How do you view what exactly is sent over the wire by a HTTP client and how the connection is configured?
go has packages called httputil & httptrace that can facilitate viewing the HTTP lifecycle, as well as what is actually sent over the wire: http-tracing blog post
httptrace go doc
httputil go doc
NOTE httputil.DumpRequestOut is meant for outgoing messages on the client side and httputil.DumpRequest are meant for incoming messages on the server side
NOTE httputil.DumpRequestOut appends the default transport's headers, so if you customize the transport, the changes would not be reflected. See: Why does the HTTP Client Force an Accept-Encoding header
Sample Implementation:
package main
import (
"crypto/tls"
"fmt"
"net/http"
"net/http/httptrace"
"net/http/httputil"
"net/textproto"
"time"
)
func main() {
url := "https://www.google.com"
client := &http.Client{}
req, err := http.NewRequest(http.MethodGet, url, nil)
if err != nil {
return
}
requestDump, err := httputil.DumpRequestOut(req, false)
if err != nil {
fmt.Printf("%s: REQUEST ERR: %s\n", time.Now(), err)
}
fmt.Printf("%s: REQUEST: \n%s\n", time.Now(), string(requestDump))

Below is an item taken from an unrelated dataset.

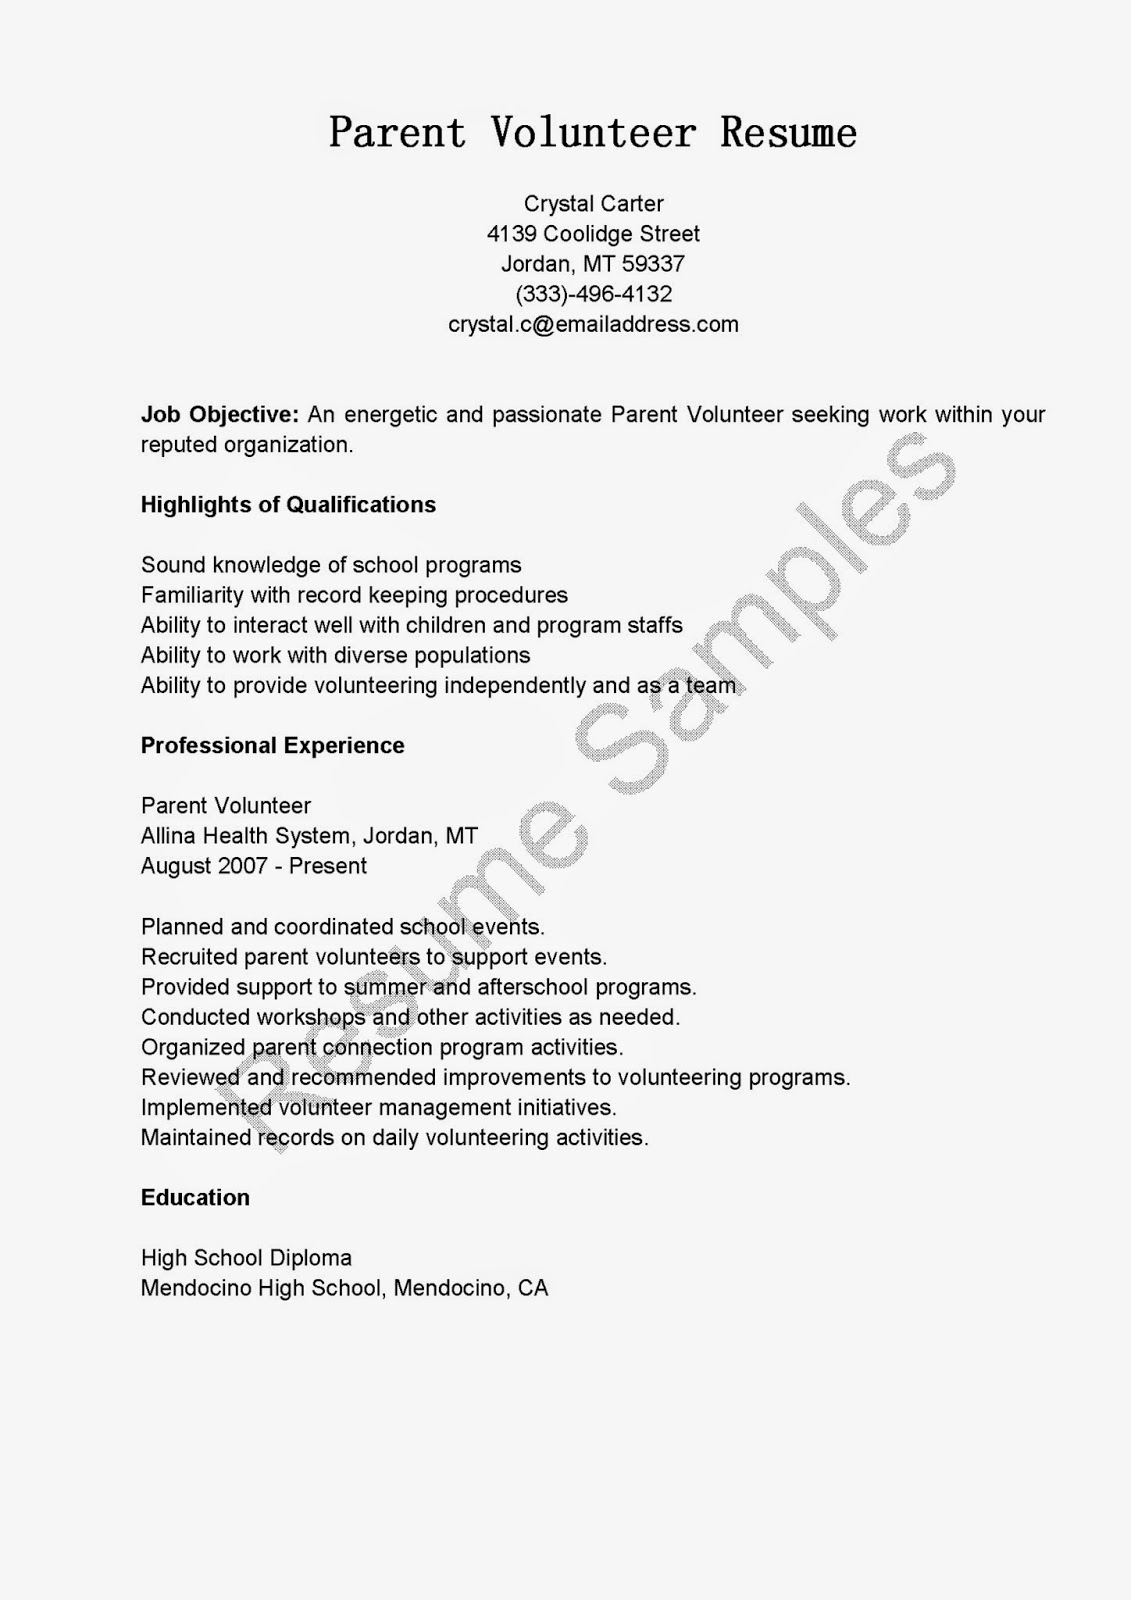 Resume sample with volunteer position

trace := &httptrace.ClientTrace{
// GetConn is called before a connection is created or
// retrieved from an idle pool. The hostPort is the
// "host:port" of the target or proxy. GetConn is called even
// if there's already an idle cached connection available.
GetConn: func(hostPort string) {
fmt.Printf("Get Conn: hostPort: %s\n", hostPort)
},
// GotConn is called after a successful connection is
// obtained. There is no hook for failure to obtain a
// connection; instead, use the error from
// Transport.RoundTrip.
GotConn: func(connInfo httptrace.GotConnInfo) {
fmt.Printf("Got Conn: connInfo: %+v\n", connInfo)
},
// PutIdleConn is called when the connection is returned to
// the idle pool. If err is nil, the connection was
// successfully returned to the idle pool. If err is non-nil,
// it describes why not. PutIdleConn is not called if
// connection reuse is disabled via Transport.DisableKeepAlives.

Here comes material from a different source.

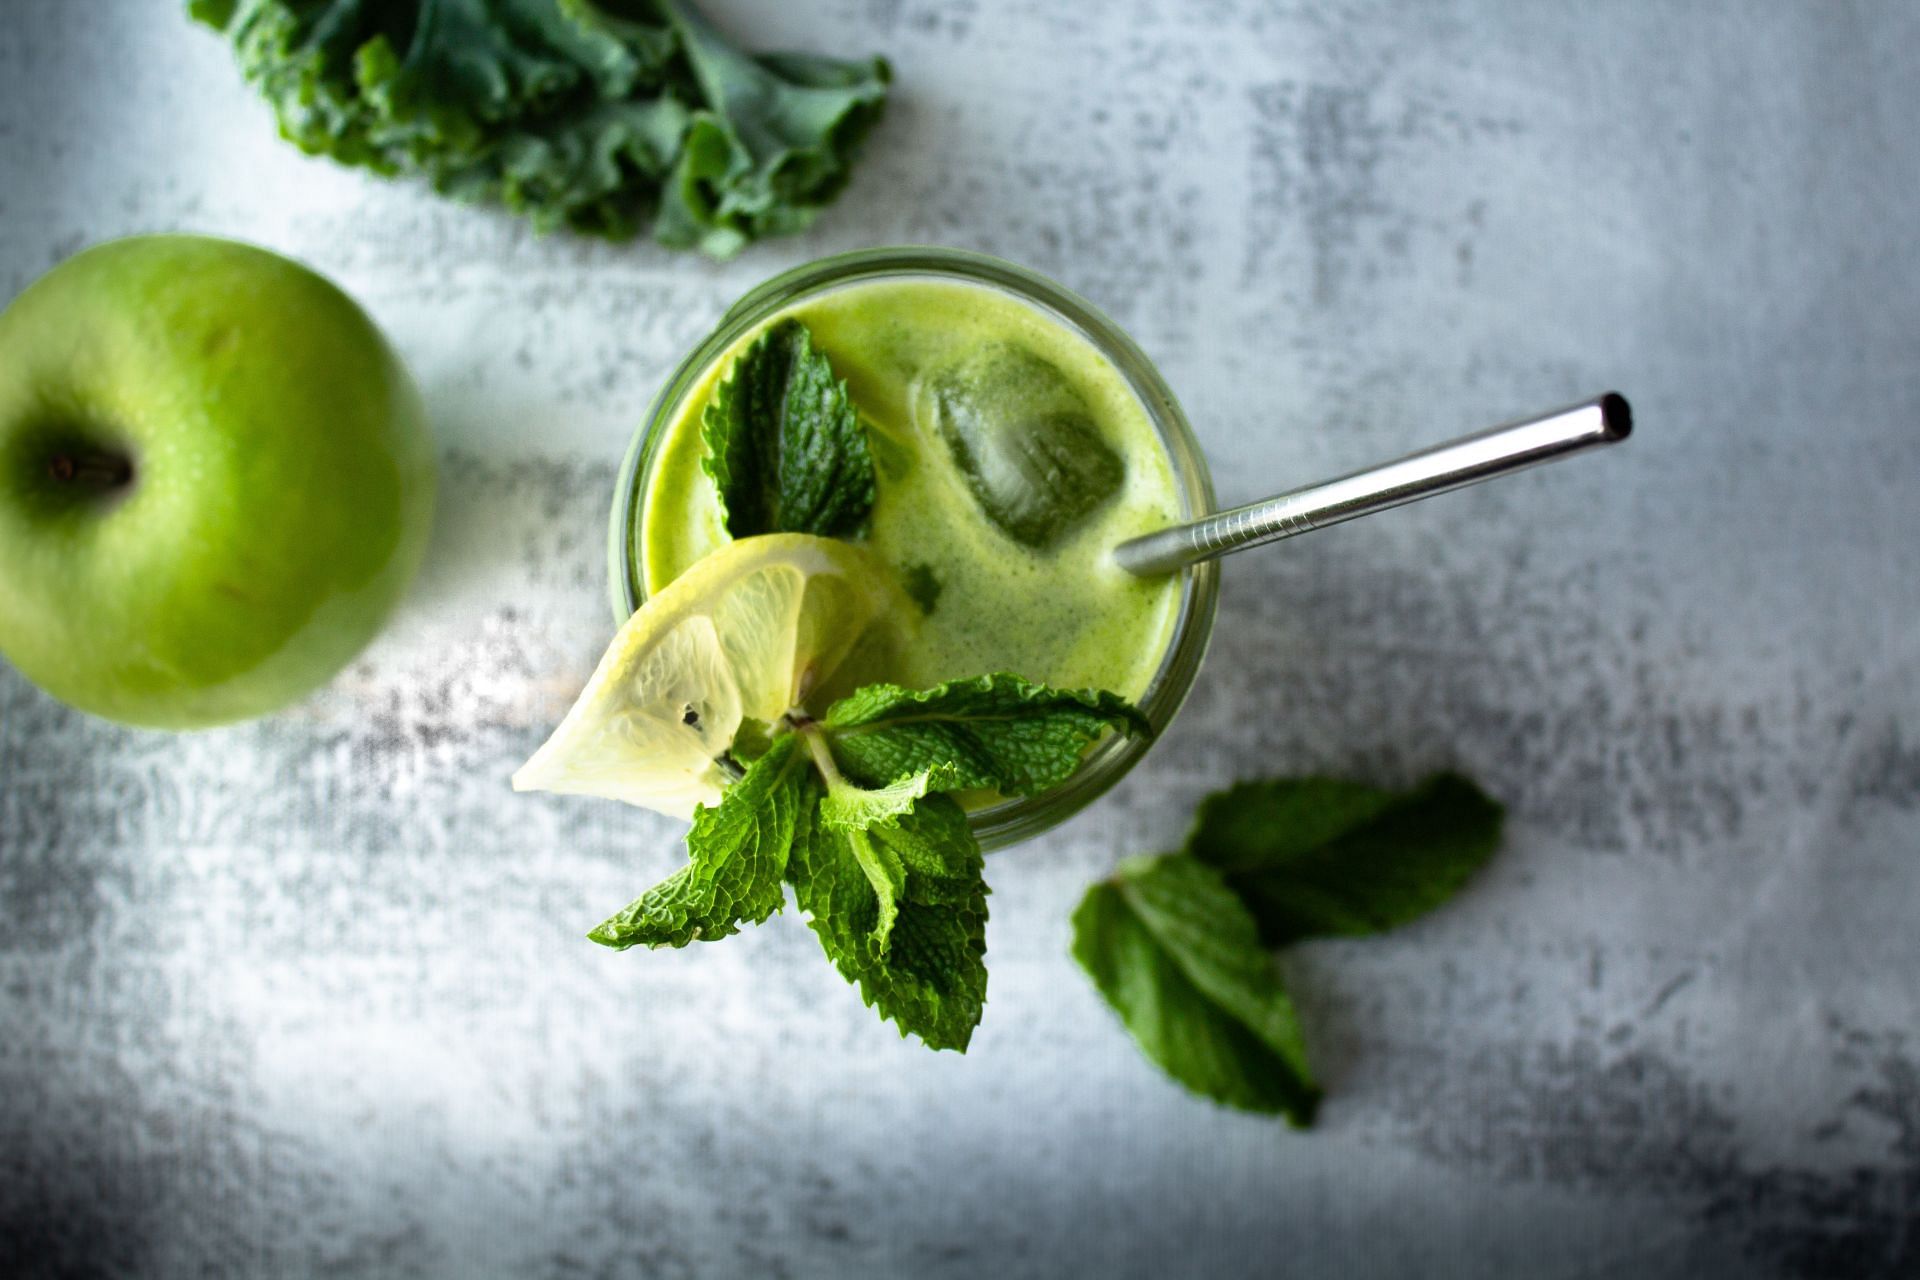 Green goddess contains kale, romaine, and spinach. (Image via Unsplash/ Christina Rumpf)

// PutIdleConn is called before the caller's Response.Body.Close
// call returns.
// For HTTP/2, this hook is not currently used.

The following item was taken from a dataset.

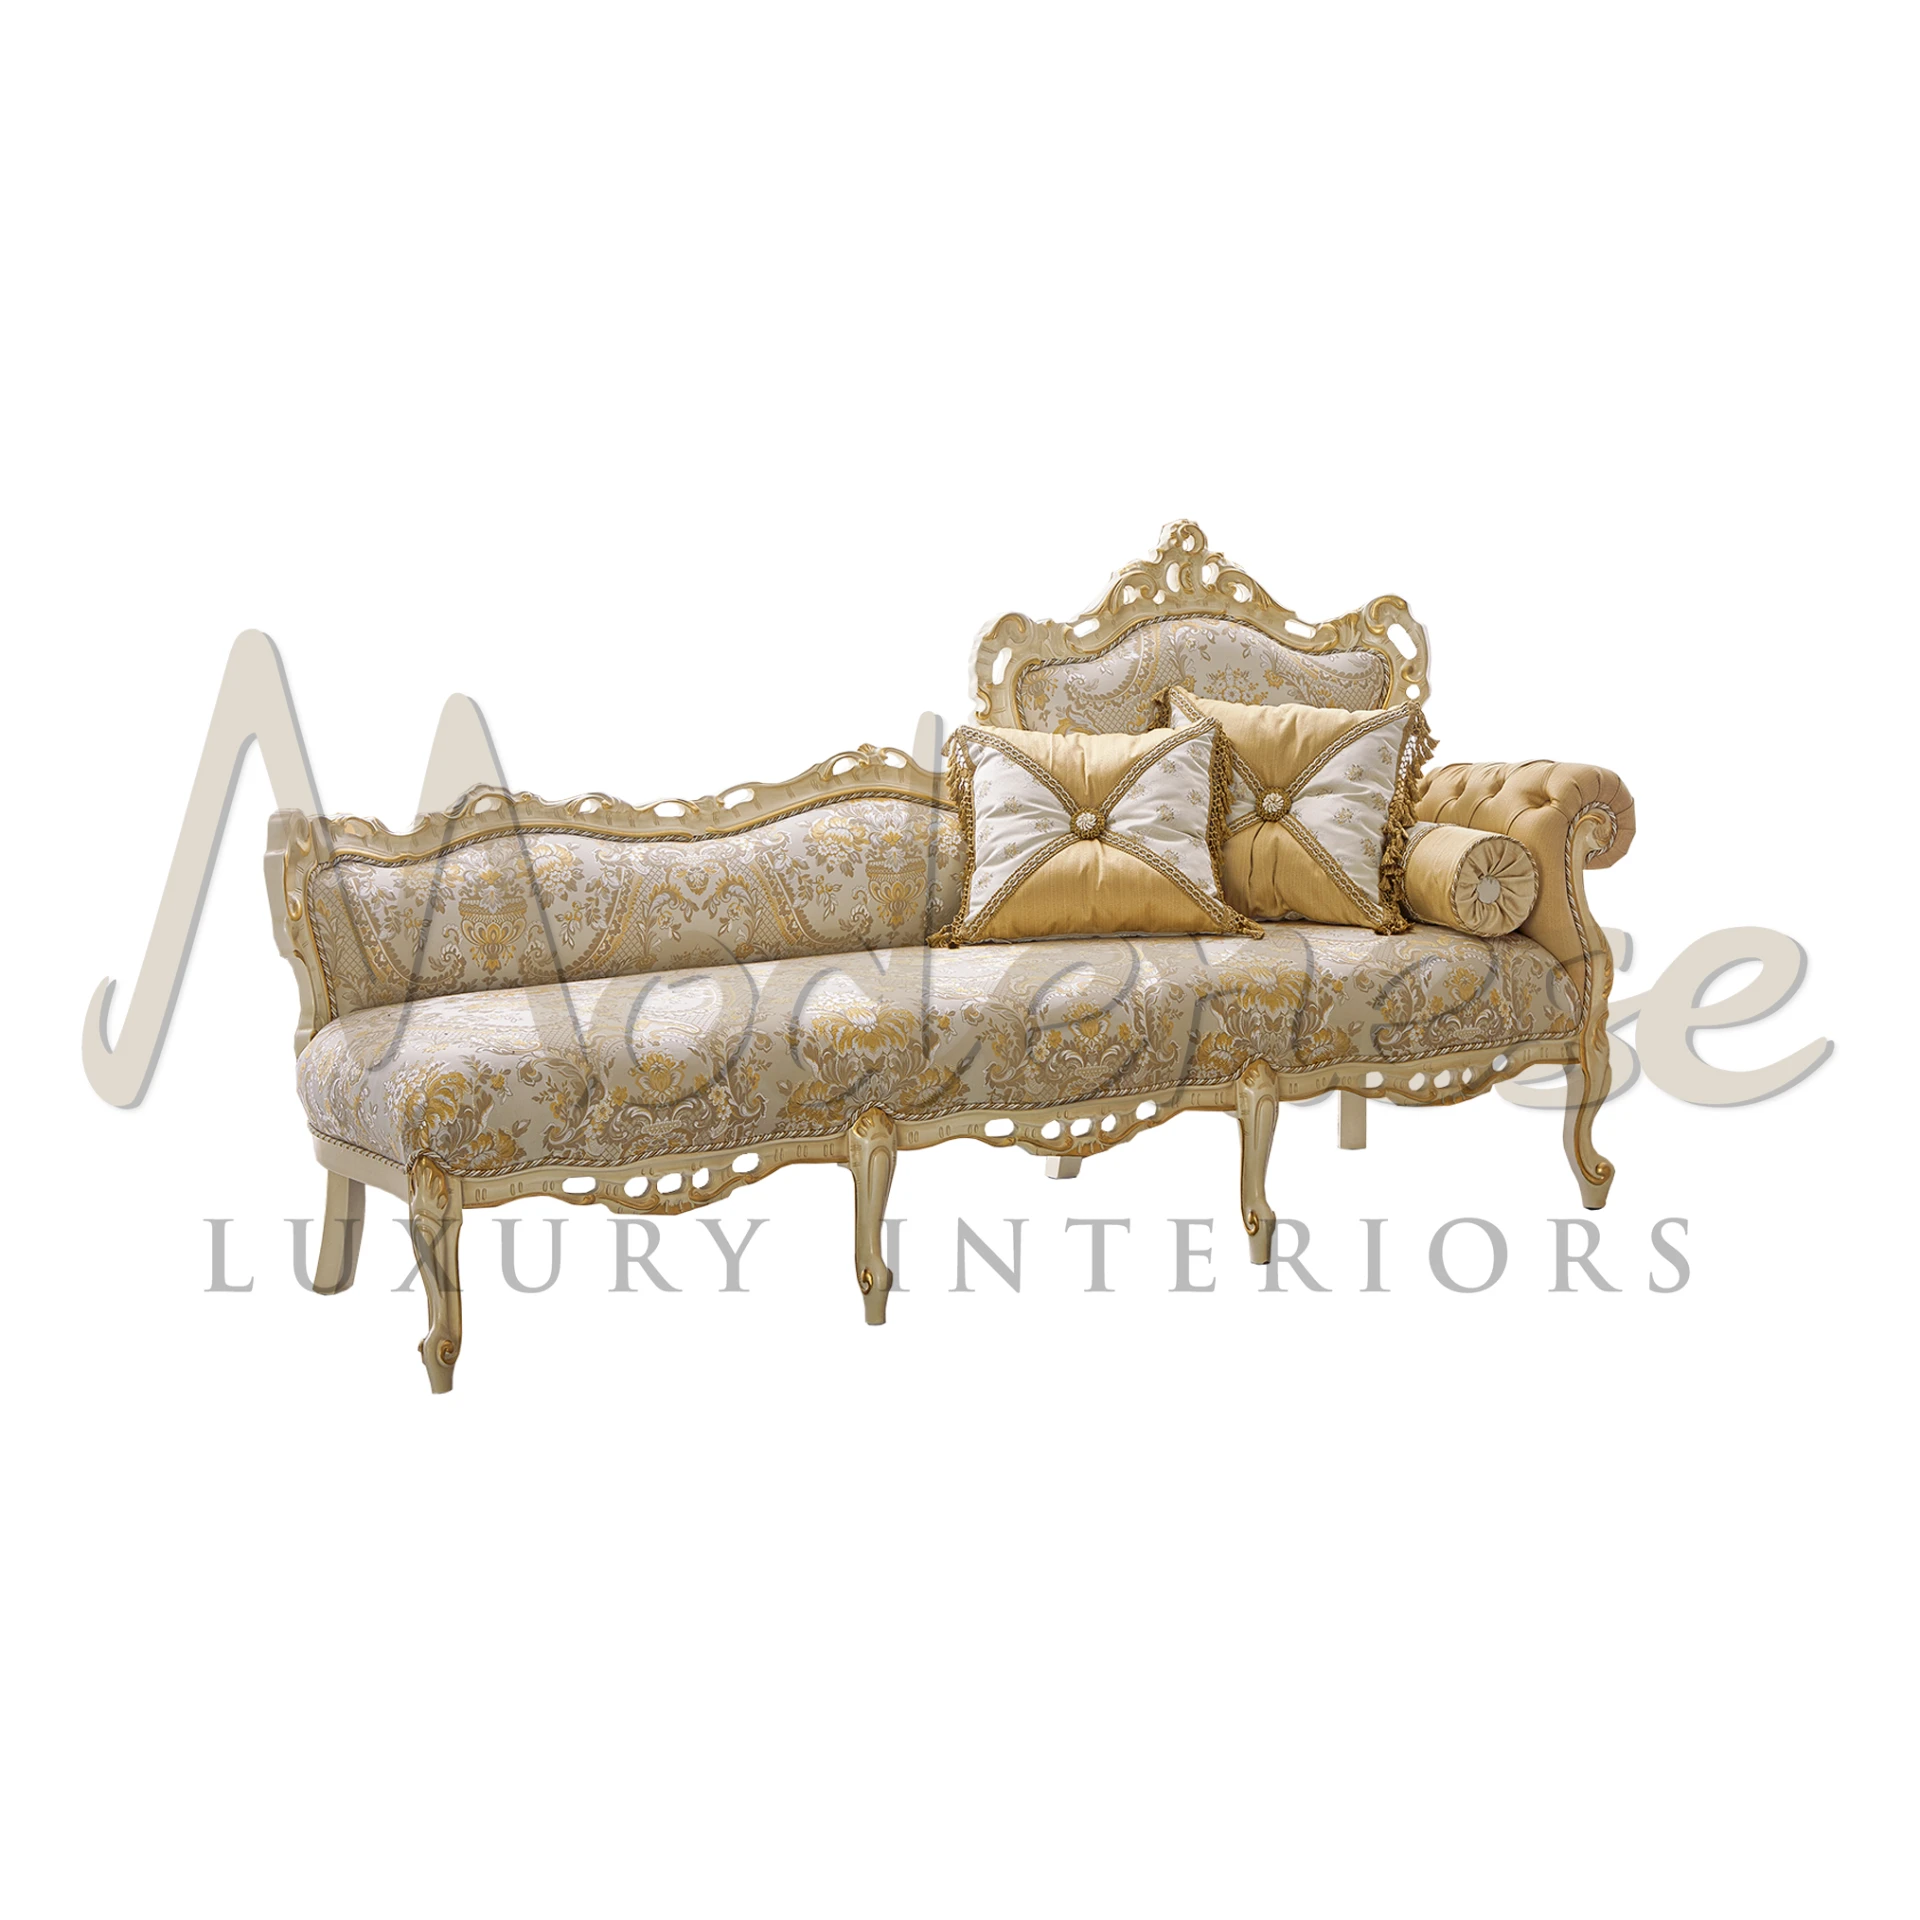 Rococo-style golden bench with elaborate damask fabric and decorative cushions.

PutIdleConn: func(err error) {
fmt.Printf("PutIdlConn: ERR: %s\n", err)
},
// GotFirstResponseByte is called when the first byte of the response
// headers is available.
GotFirstResponseByte: func() {
fmt.Println("GotFirstResponseByte")
},
// Got100Continue is called if the server replies with a "100
// Continue" response.
Got100Continue: func() {
fmt.Println("Got100Continue")
},
// Got1xxResponse is called for each 1xx informational response header
// returned before the final non-1xx response. Got1xxResponse is called
// for "100 Continue" responses, even if Got100Continue is also defined.
// If it returns an error, the client request is aborted with that error value.
Got1xxResponse: func(code int, header textproto.MIMEHeader) error {
fmt.Printf("Got1xxResponse: code: %d header: %+v\n", code, header)
return nil
},
// DNSStart is called when a DNS lookup begins.
DNSStart: func(dnsInfo httptrace.DNSStartInfo) {
fmt.Printf("DNS Start: dnsInfo: %+v\n", dnsInfo)
},
// DNSDone is called when a DNS lookup ends.
DNSDone: func(dnsInfo httptrace.DNSDoneInfo) {
fmt.Printf("DNS Done: dnsInfo: %+v\n", dnsInfo)
},
// ConnectStart is called when a new connection's Dial begins.
// If net.Dialer.DualStack (IPv6 "Happy Eyeballs") support is
// enabled, this may be called multiple times.
ConnectStart: func(network, addr string) {
fmt.Printf("Connect Start: Network Addr: %s %s\n", network, addr)
},
// ConnectDone is called when a new connection's Dial
// completes. The provided err indicates whether the
// connection completedly successfully.
// If net.Dialer.DualStack ("Happy Eyeballs") support is
// enabled, this may be called multiple times.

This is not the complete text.